We also conducted an analysis of institutional cooperation. Generating an institution map resulted in 1,176 nodes and 3,881 links, with a density (0.0056) that suggests that the research in each institution is relatively scattered (Figure 2B, Supplemental Figure 2). As before, institutions in the U.S. had the highest number of publications, except for GlaxoSmithKline (GSK) in the United Kingdom. The University of Colorado contributed the most publications (214), followed by GSK (130), and Oregon Health and Science University (116). In terms of centrality, the top three institutions were the Charite (0.06), the University of Michigan (0.05), and the University of São Paulo (0.05) (Table 2). Taken together, these analyses suggest that more academic exchanges are needed.

Analysis of Author and Co-cited Author

Citespace identified 2,716 nodes and 8,126 links for author collaboration analysis, which indicated that 2,716 authors contributed to 9,259 publications, and their potential cooperation (Figure 3A, Supplementary Figure 3). The low density (0.0053) suggest that the authors in herpes zoster research is relatively dispersed. Among them, the three most productive authors were Gilden (80), followed by Nagel (65), and Levin (58). In terms of centrality, the top three authors were Levin (0.04), Harpaz (0.04), and Schmid (0.04) (Table 3), whose research interests include clinical research on herpes zoster vaccines. Their work includes the clinical characteristics of herpes zoster after varicella vaccine in children, and the use of the herpes zoster subunit vaccine in the elderly (22–26).

FIGURE 3

Figure 3. The network map of authors (A) and the co-cited authors (B) map in herpes zoster research.

TABLE 3

Table 3. Top 10 active authors in terms of publications and centrality for herpes zoster.

A co-cited author analysis is an analysis of the authors of a reference, with clustering of the authors with highly similar research interests. In total, 789 nodes and 1,838 links were identified via CiteSpace (Figure 3B, Supplementary Figure 4). Oxman had the top rank for citation counts (830), with studies predominantly focused on herpes zoster vaccines (27–31). Among the rest highly co-cited authors, Gershon had reported widely on the virus and its molecular mechanisms, and provided the first solid evidence for vaccination against varicella disease (32–36) (Table 4).

TABLE 4

Table 4. Top 10 co-cited authors in herpes zoster research in terms of co-citation counts and centrality.

Clustering of Co-cited Publications

Co-cited publications reveal the relevance and knowledge base of the publications (37). Over half of the top 10 co-cited publications related to herpes zoster vaccine (Table 5). With 351 citations, the most cited publication was the clinical trial by Himal and colleagues published in the New England Journal of Medicine in 2015 (38). This was a randomized, placebo-controlled, phase 3 study in 18 countries to evaluate the efficacy and safety of a herpes zoster subunit in older adults (≥50 years of age), stratified according to age group (50 to 59, 60 to 69, and ≥70 years). Participants received two intramuscular doses of the vaccine or placebo, 2 months apart. The vaccine reduced the risk of herpes zoster in adults who were 50 years of age or older. Vaccine efficacy in adults who were 70 years of age or older was similar to that in the other two age groups. Further clustering these references resulted in 1,506 nodes, 2,841 links, and 19 main clusters (Figure 4), and clearly showed the timeline for each cluster label (Figure 5). The position of the nodes in these clusters suggests that the predominant research focus in herpes zoster involves vaccines, postherpetic neuralgia, treatments, the VZV and its mechanism, and the epidemiology of herpes zoster infection.

TABLE 5

Table 5. Top 10 co-cited references related to herpes zoster in terms of cocitations.

FIGURE 4

Figure 4. The clustered network map of co-cited references on herpes zoster.

FIGURE 5

Figure 5. The timeline view of co-cited references clusters with their cluster-labels on the right.
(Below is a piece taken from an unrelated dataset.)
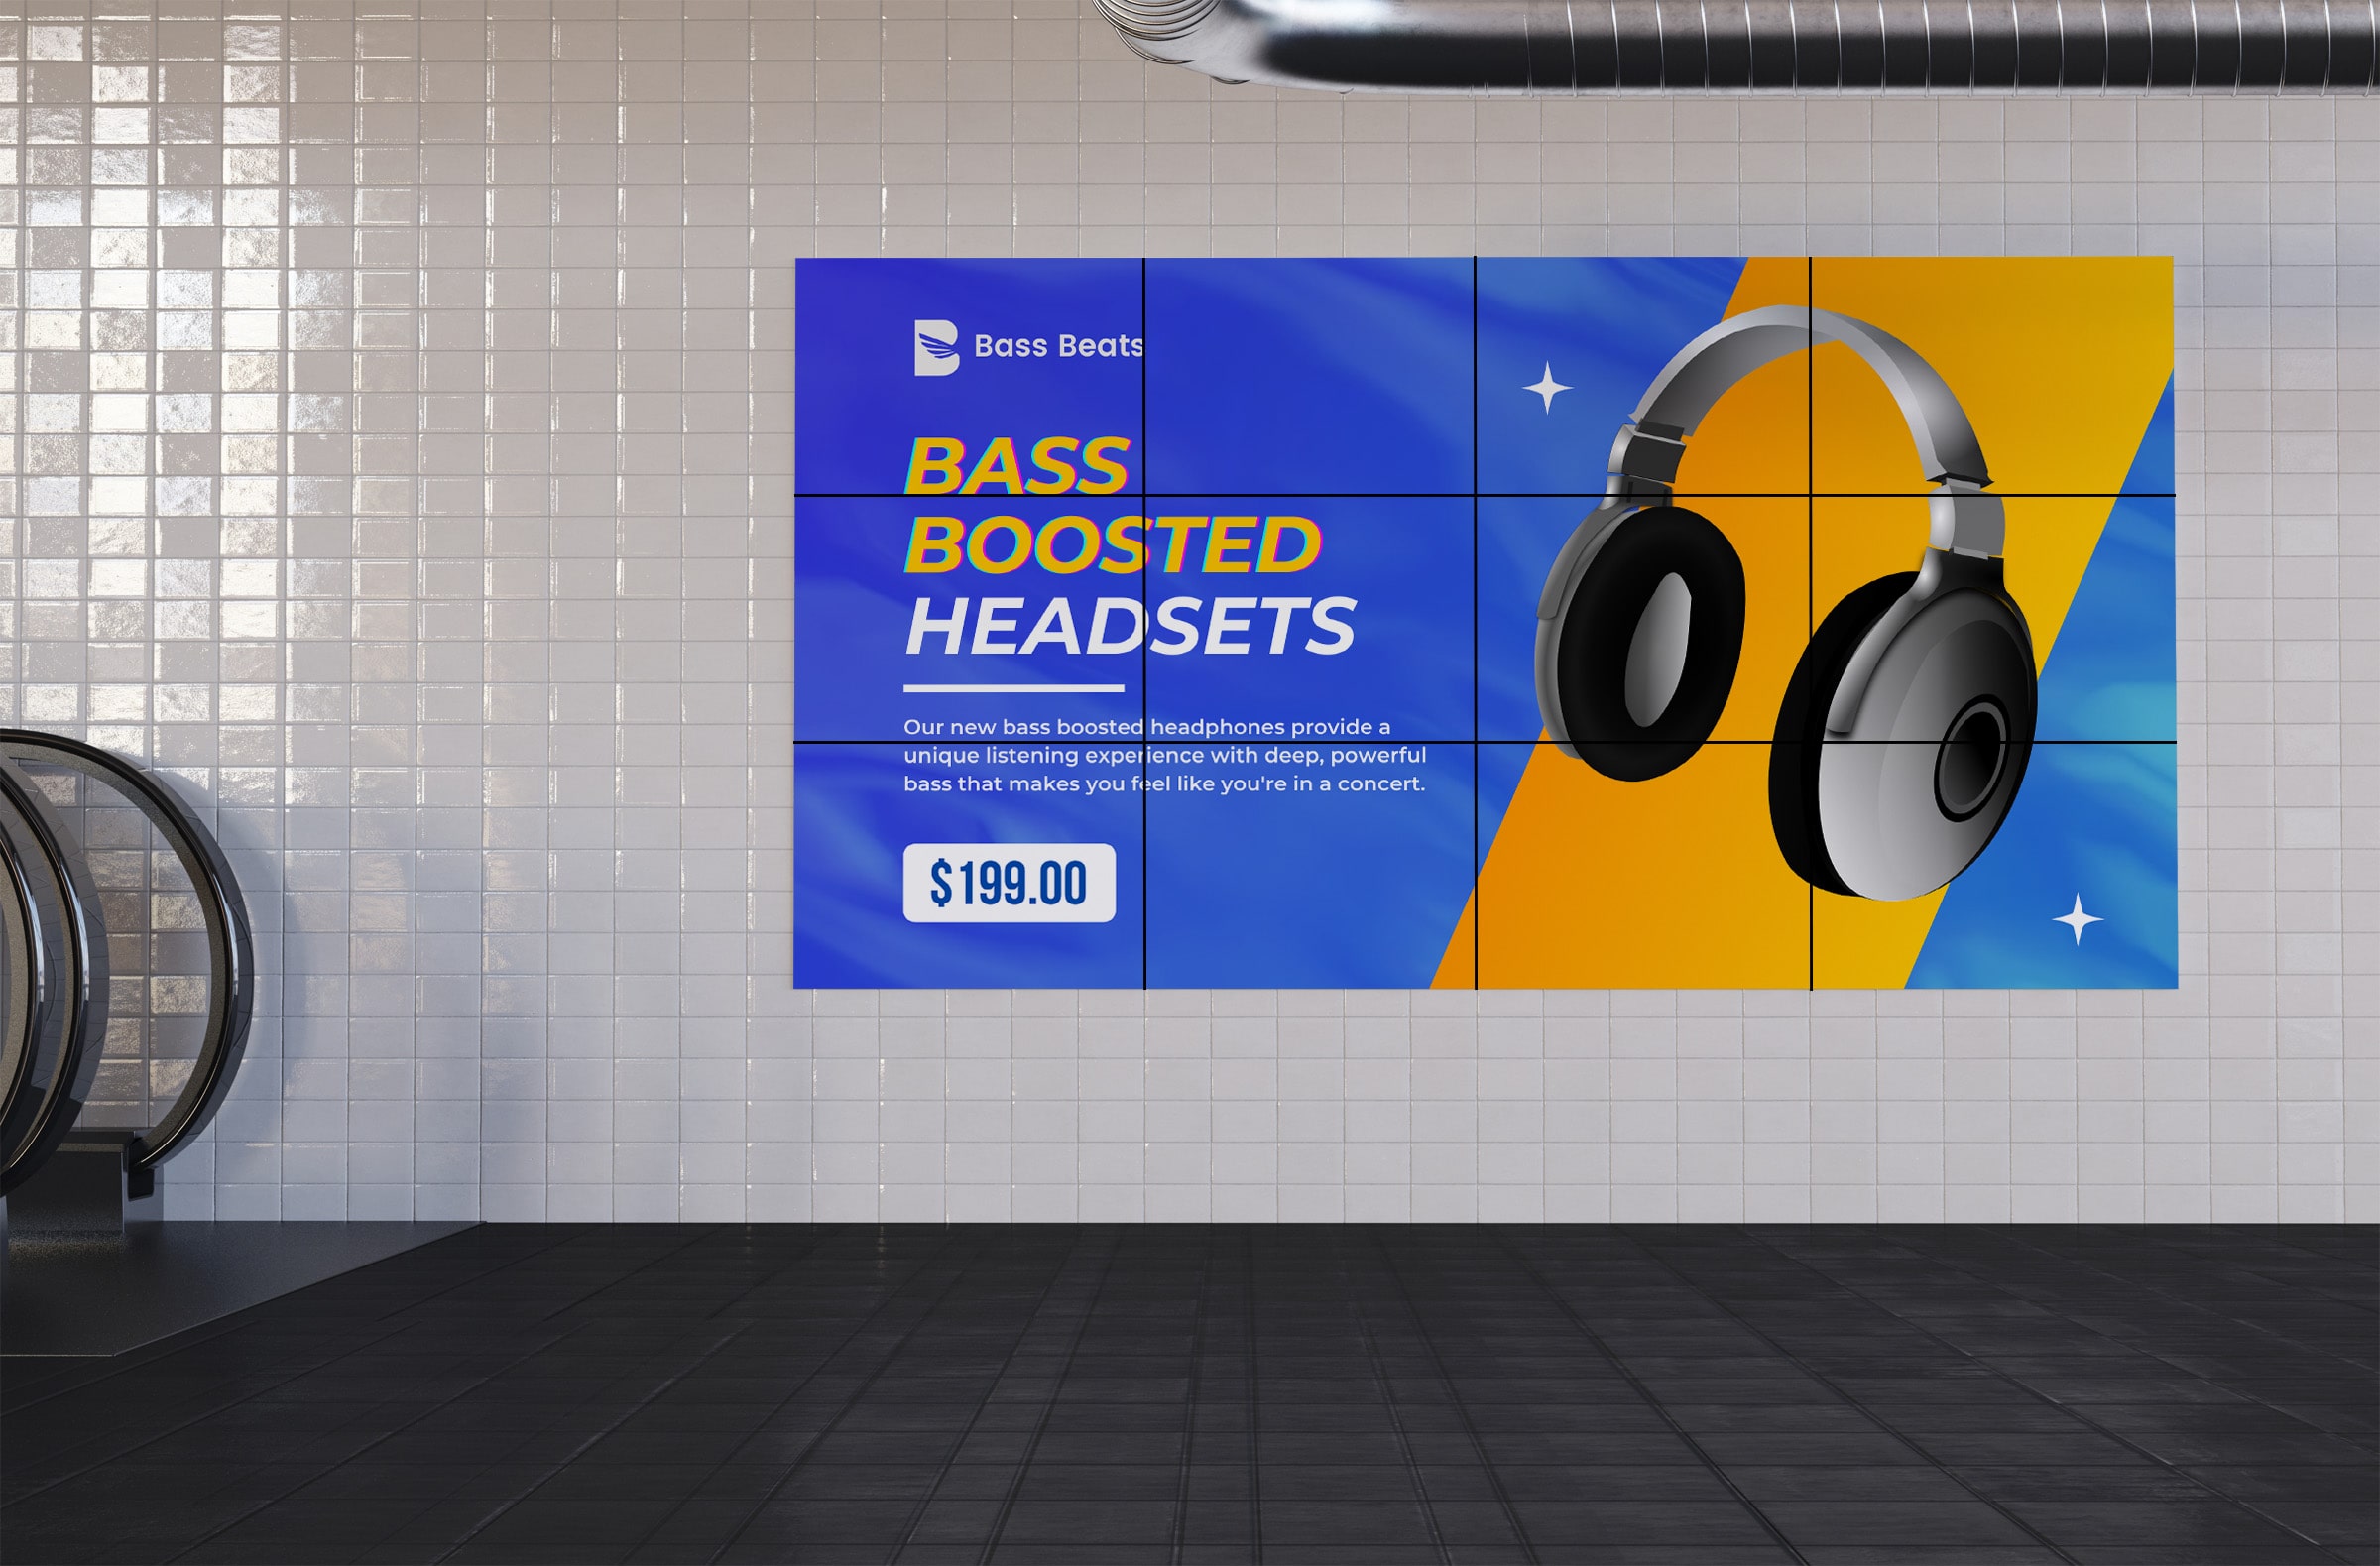 Narrow bezel LCD video wall with headphone advert in subway station

Cluster Analysis of Keyword Co-occurrence on Herpes Zoster Hotspots and Burst Keywords Detection

Citespace revealed 571 uses of keywords from 2012 to 2021 on herpes zoster. Co-occurrence of the keywords suggested six clusters that represent the hot topics (Figure 6) and their timeline (Figure 7). Interestingly, rheumatoid arthritis was the third most frequent co-occurrence keyword (cluster 3); this may be related to the high incidence of banded blistering in patients with rheumatoid arthritis, relating to drugs used to treat rheumatoid arthritis (46). The other cluster labels were human herpesviruses, antiviral prophylaxis, recombinant zoster vaccine, varicella vaccination and postherpetic neuralgia. Moreover, herpes zoster (1,917), VZV (1,059), and infection (731) were the top-ranked frequent keywords, while mortality (0.06), resistance (0.06), and double blind (0.05) were the top-ranked central keywords of the analysis of co-occurrence of keywords (Table 6).

FIGURE 6

Figure 6. The clustered network map of keywords on herpes zoster.

FIGURE 7

Figure 7. The timeline view of keyword clusters with their cluster-labels on the right.

TABLE 6

Table 6. Top 20 keywords in terms of frequency and centrality in Herpes zoster research.
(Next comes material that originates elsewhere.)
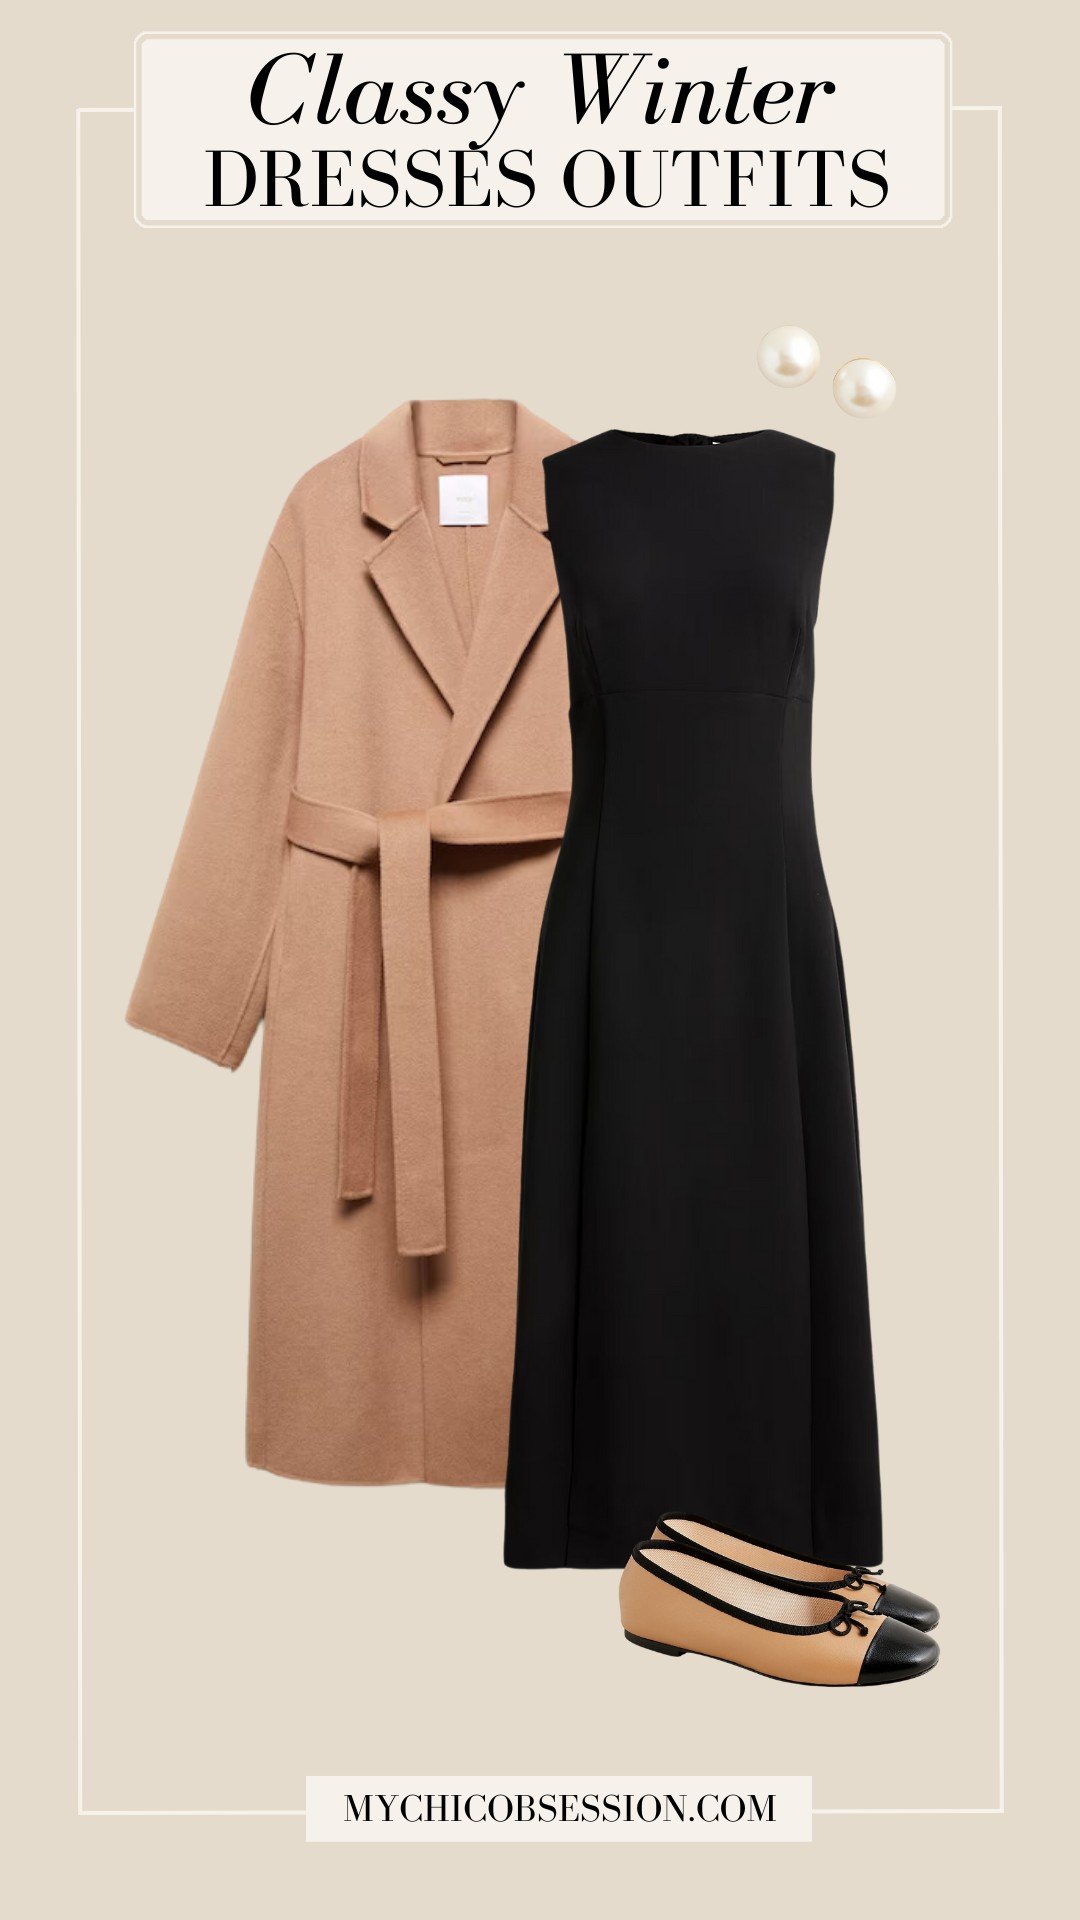 classy winter dresses outfits

Burst keyword detection represent words that are cited frequently over a period of time (37). These are considered the indicators of frontier research topics over time. The bold red grid represents the time interval of the burst (Figure 8). The subunit vaccine had the highest burst strength (27.87), followed by immunization practice (17.47). Recent attention on subunit vaccine or zoster subunit vaccine from 2018, recommendation, immunization practice from 2018 till 2021 indicated that these are the current research hotspots.

FIGURE 8

Figure 8. Keywords with the strongest citation bursts in publications on herpes zoster research between 2012 and 2021.

Discussion

This study visually analyzed a total of 9,259 herpes zoster publications (64.77% articles and 12.94% reviews) from 2012 to 2021 using bibliometrics methods. According to detailed analysis conducted using CiteSpace software, scientific research outputs concerning herpes zoster have clearly increased over the past 10 years. The U.S. was the leading country for both publications and centrality for its extensive international cooperation. The University of Colorado contributed the most publications, while the research of the Charite has the highest influence. The studies of representative authors and cited authors focus on vaccines, treatment, and mechanisms. The clusters of co-cited publications indicate that studies over the past 10 years are mainly focused on vaccines, postherpetic neuralgia, treatments, and VZV and its mechanism. Keyword analysis suggests that vaccines, especially subunit vaccines in different age groups, is the current hotspot in the field of herpes zoster.

Articles are the main type of herpes zoster publication. Unlike other topics, we can infer from the high frequency keywords that most of the research in this field is population-based or clinical trials. This is because VZV infection is highly restricted to humans. The development of a reliable animal model has been challenging, meaning that the understanding of VZV neurotropism in humans has long been hindered. For example, experimental inoculation of VZV in small animals, including guinea pigs and cotton rats, results in infection of the ganglia but not a rash (47). Only a few primate models, such as Simian varicella virus infection of rhesus macaques, closely resemble both human primary VZV infection and reactivation, with analyses at early times after infection providing valuable information about the extent of viral replication and the host immune responses (48). Therefore, most of these studies on herpes zoster are clinical applications.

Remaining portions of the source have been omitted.